I think I suffer from the same malady. There are weeks where I think, "Really? More blood work, more tests, blah, blah, blah." I know it's all because of the frequency of my visits of late and that it will get better. I'm also osteopenic and my survivor's coordinator suggested walking 30 minutes a day to help build bone density. I know a lot of other patients who are taking fosamax or boniva for their bone density issues. It's definitely something you should look into. Sending hugs.

Unknown said...

Susan,

I understand about the "fatigue" but when you're ready, ask lots of questions about bone meds. They're not all what they're cracked up (pun intended)to be.

Petrea Burchard said...

Susan, I'd have been tired of being a patient after a couple of months. You have a right to be tired of it.

As for the bone meds, I'm on Boniva. Now Idelle's got me worried. I'll ask some pointed questions on my next visit.

Anonymous said...

One of the things about this blog that always keeps me coming back is the blend of pragmatism and optimism. That's a spirit I believe in.

Jean Spitzer said...

Sounds like, despite the fatigue, you're doing amazingly well. Inspirational, for sure.

Happy holidays.

Unknown said...

Someone needs to change the design on that needlepoint pillow kit:

YOU CAN NEVER BE TOO RICH OR TOO THIN.
(The second part does not apply to bones.)

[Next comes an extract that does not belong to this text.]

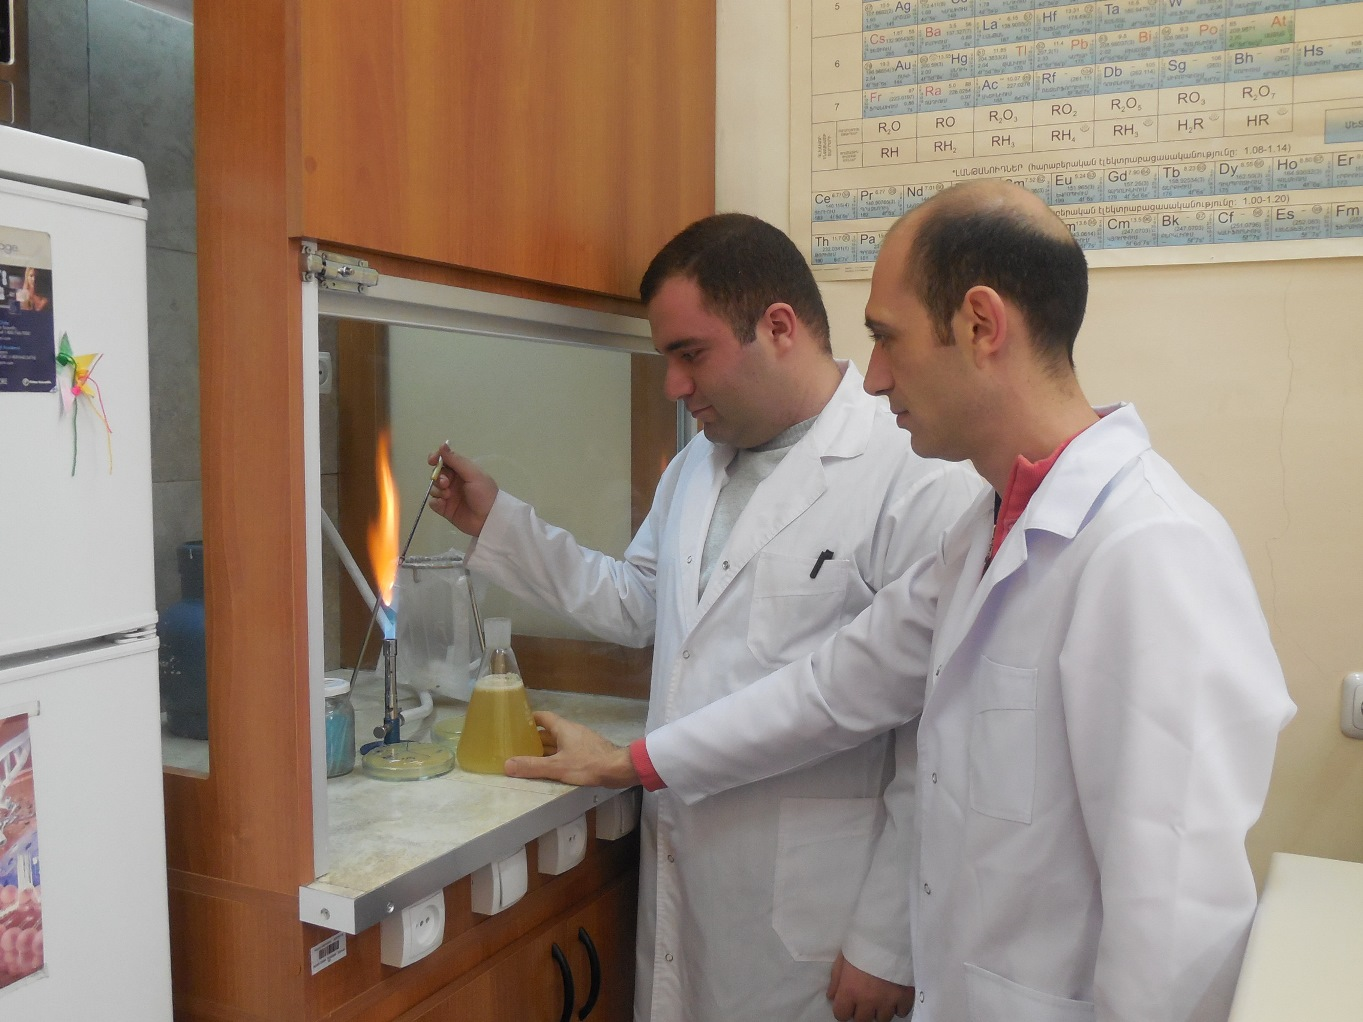 ANSEF award biotech-3460

positive affirmation said...

I forgive myself
As I forgive myself. I leave behind all feelings of not being good enough, and I am free to love myself.

Rachel Pappas said...

Very humanly written. I think anyone who'se been through treatment can relate - or anyone who'se been burnt out for any reason. You give me good ideas for my website: www.1UpOnCancer.com I hope you and anyone interested in survivor stories and issues will visit. Wishes for good luck and good health. Rachel.

Katie said...

I can relate to you being tired of being a patient. I am a leukemia survivor. Half way through my treatment, I wanted to give up. I was tired of needles, nurses, and pain. I have a blog at http://katiessurvivorspot.blogspot.com/ for people to discuss the trials of cancer. I wish you the best with the rest of your patient career.

Chris said...

Any news on how Susan is doing?

Rommel Peter Fernandes said...

I hope that everything is okay. When will you be blogging again?